WHAT TO DO
An exact copy of the data is needed, one that excludes all pictures.

DATA
======

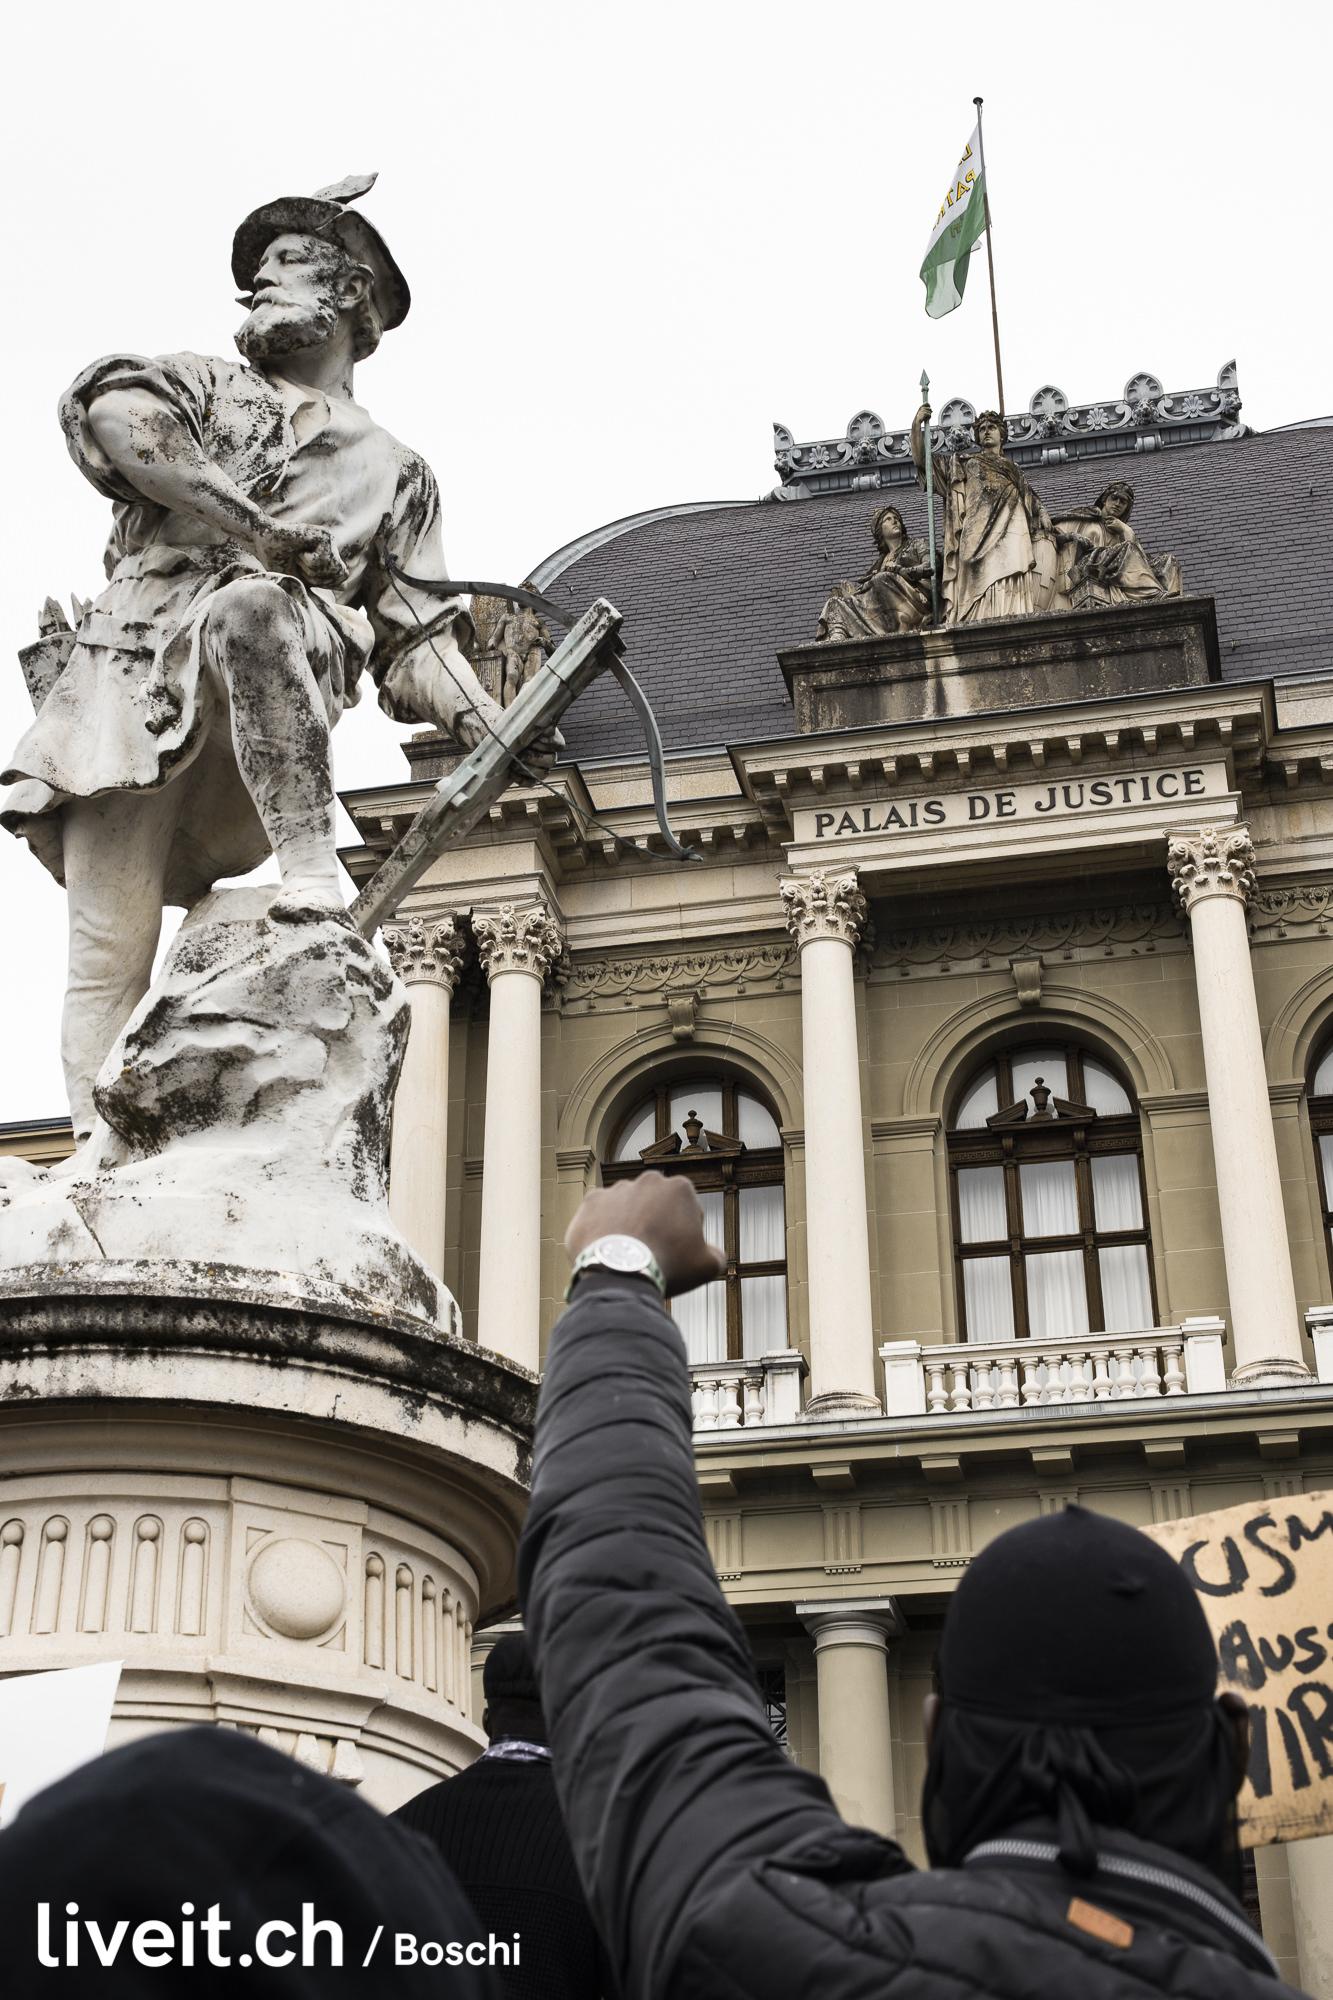 Die Back lives matter Kundgebung fotografiert am Sonntag den 08.Juni in Lausanne. Bild: Simon Boschi/liveit.ch(liveit.ch/boschi)
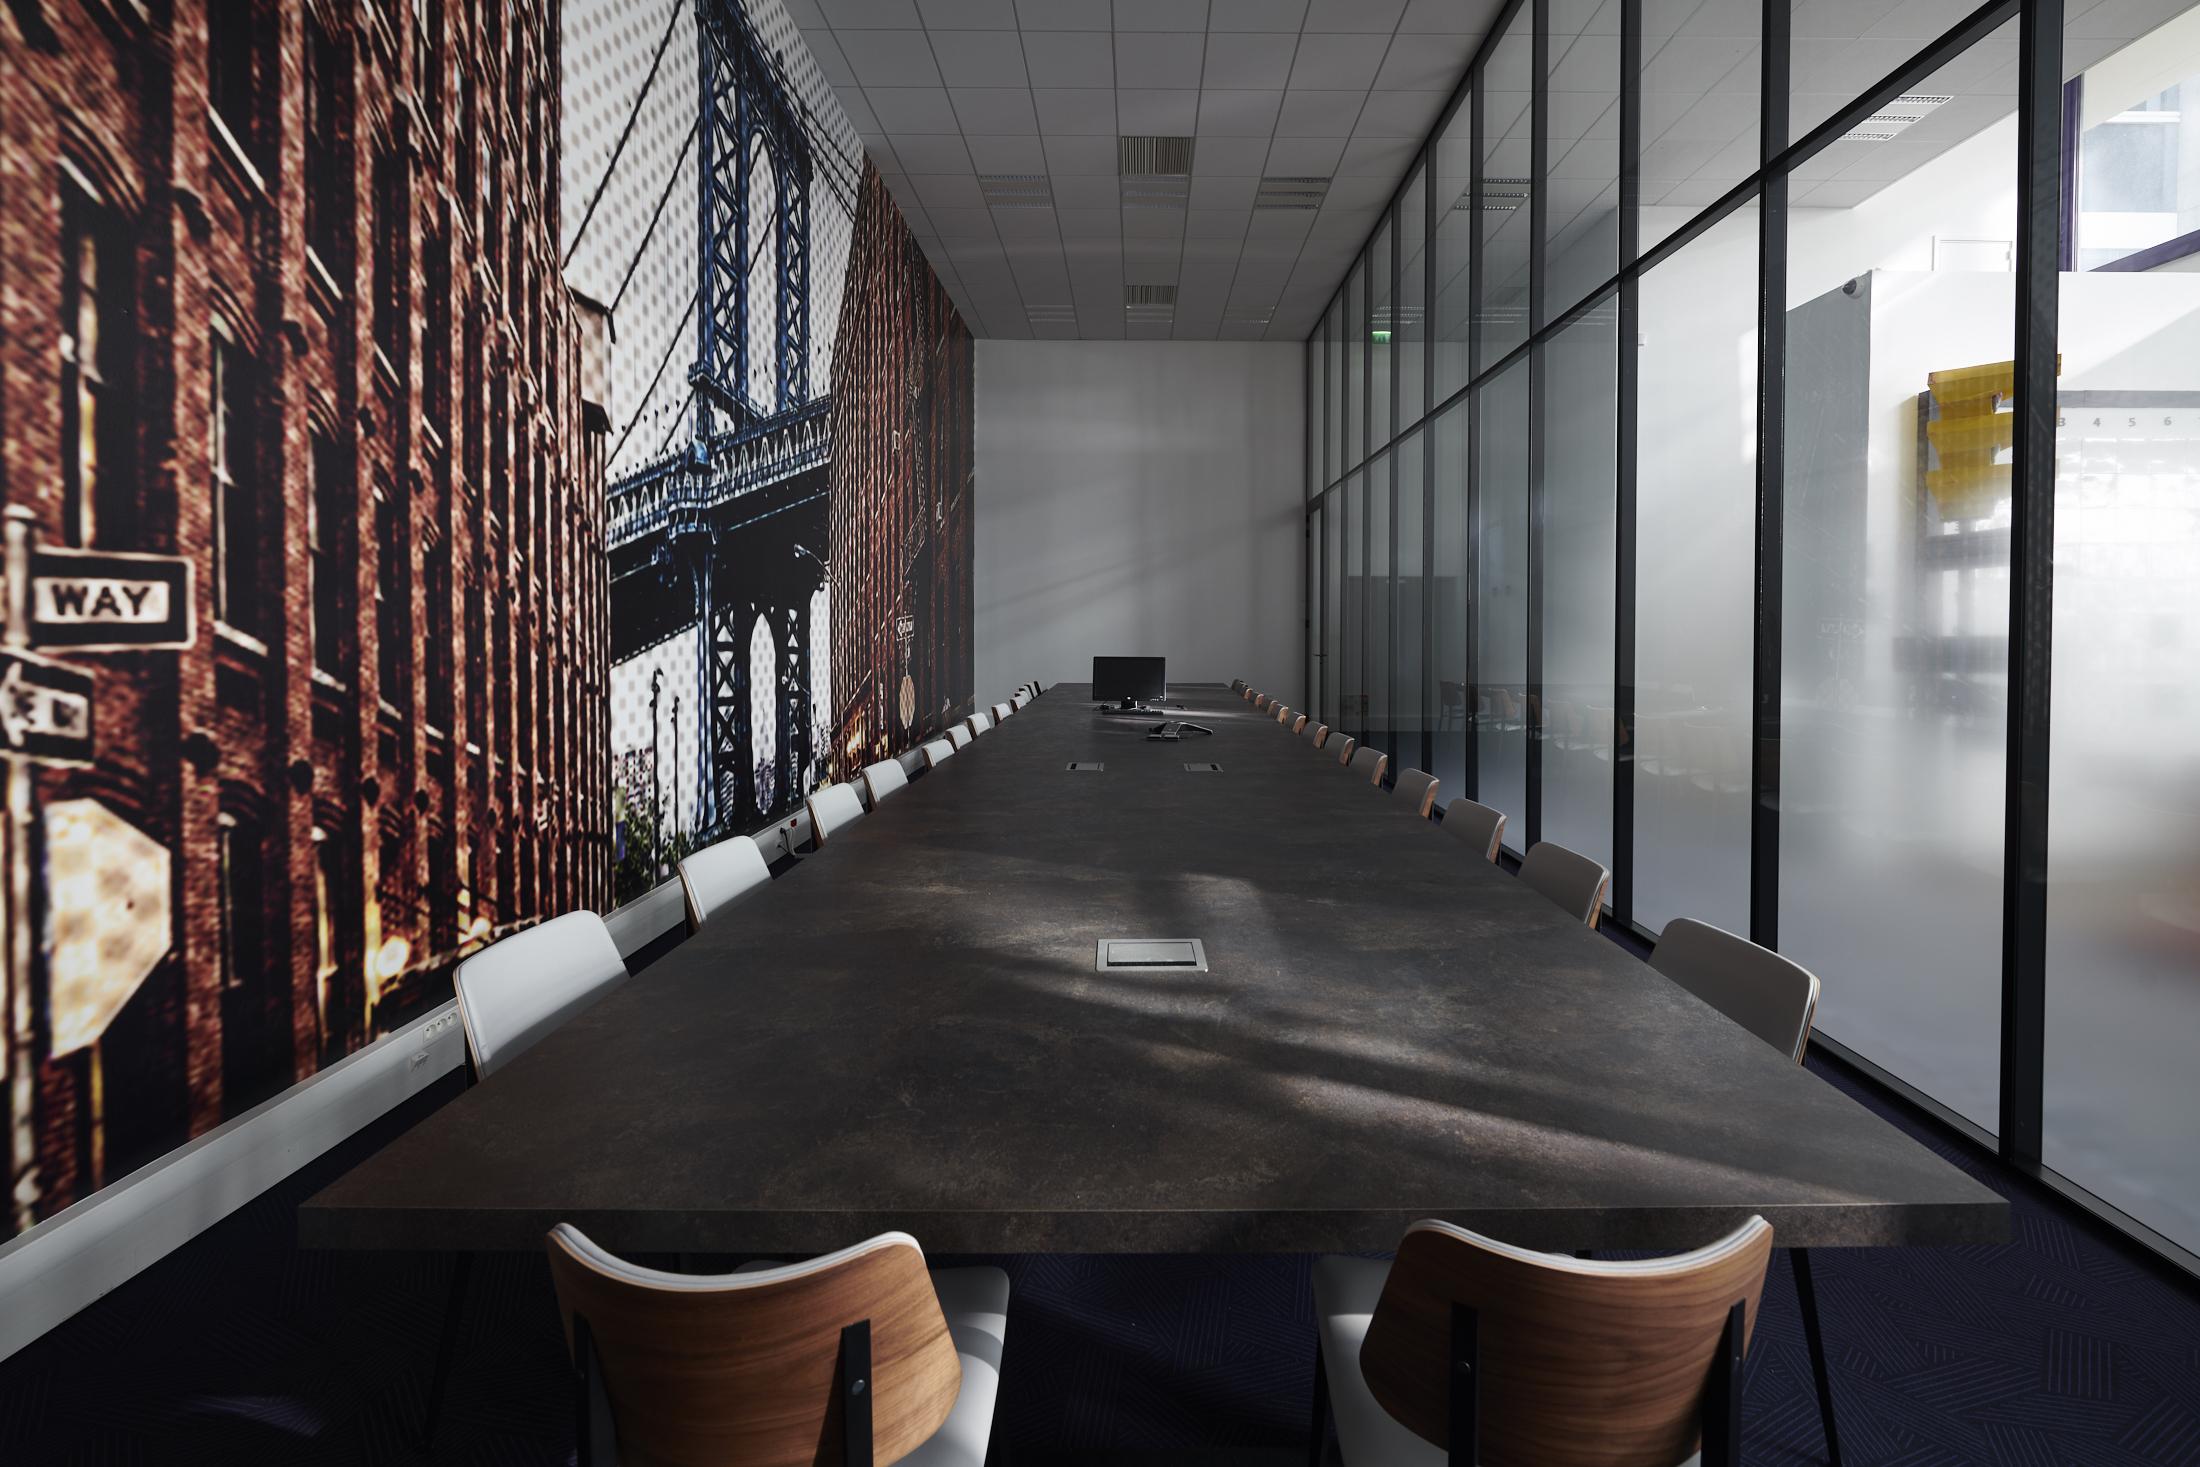 salle de conseil-vitrophanie-cloison vitrée-table réunion sur mesure
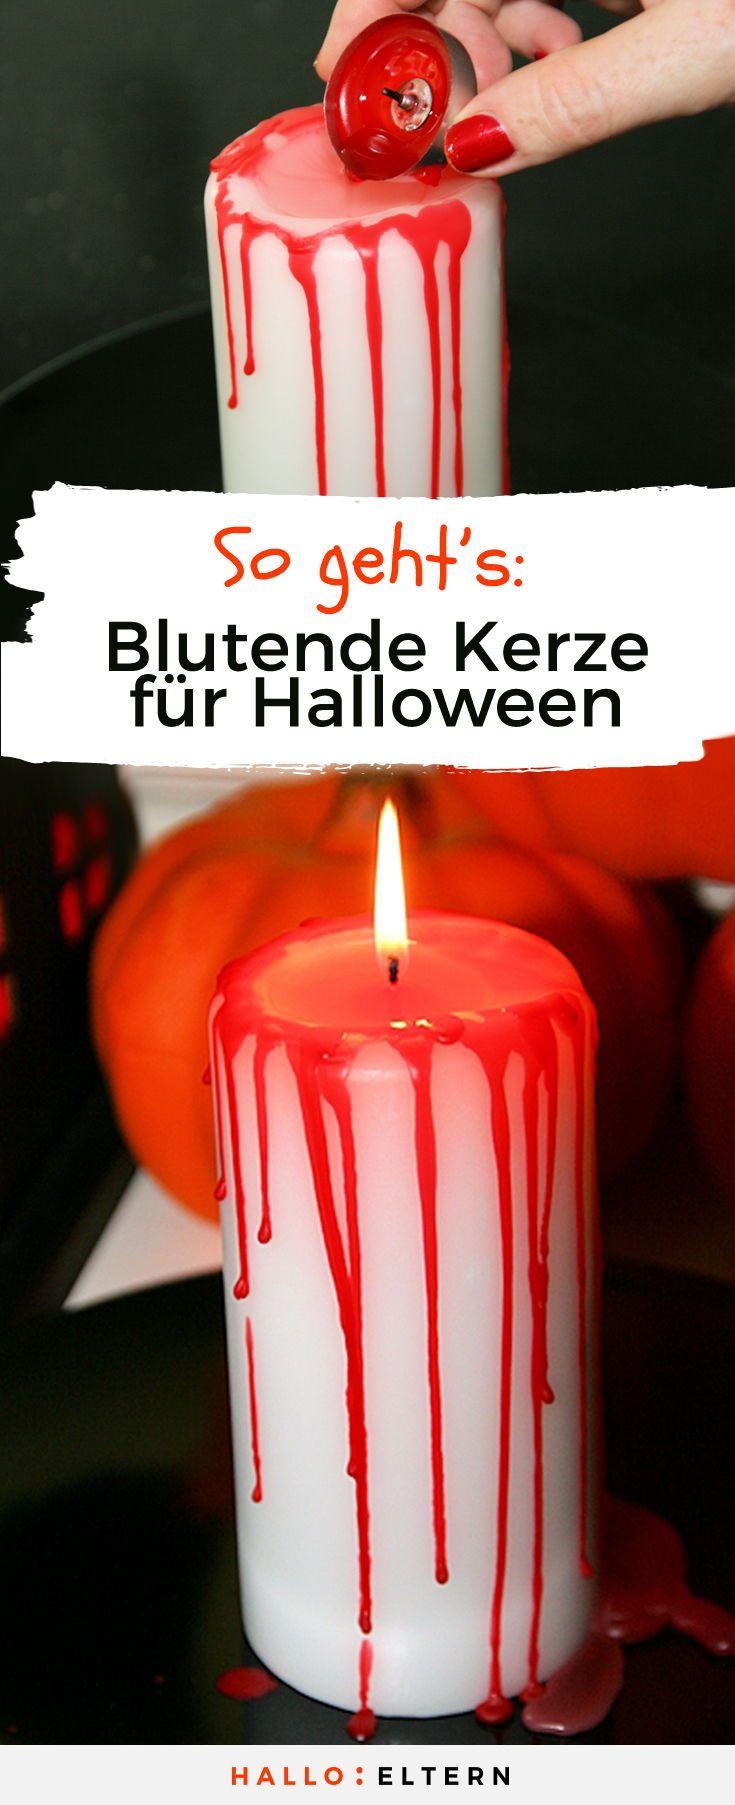 Blutende Kerze für Halloween: So kannst du sie basteln
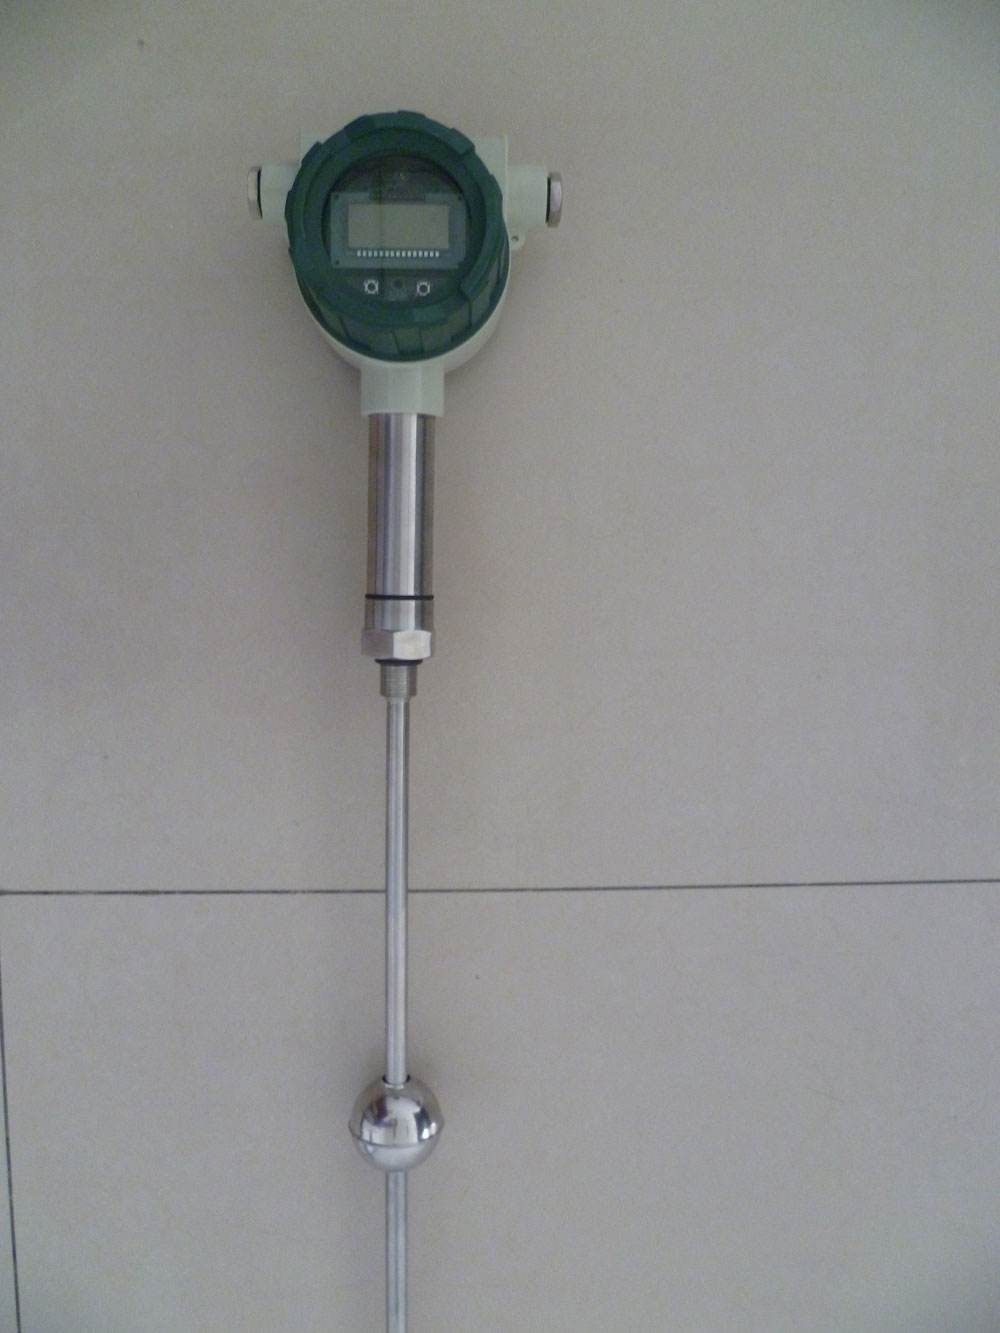 哈尔滨高压液位计多少钱 创新服务「武汉康宇通达测控仪表供应」

======

ANSWER TO THE EXERCISE
 Die Back lives matter Kundgebung fotografiert am Sonntag den 08.Juni in Lausanne. Bild: Simon Boschi/liveit.ch(liveit.ch/boschi)
 salle de conseil-vitrophanie-cloison vitrée-table réunion sur mesure
 Blutende Kerze für Halloween: So kannst du sie basteln
 哈尔滨高压液位计多少钱 创新服务「武汉康宇通达测控仪表供应」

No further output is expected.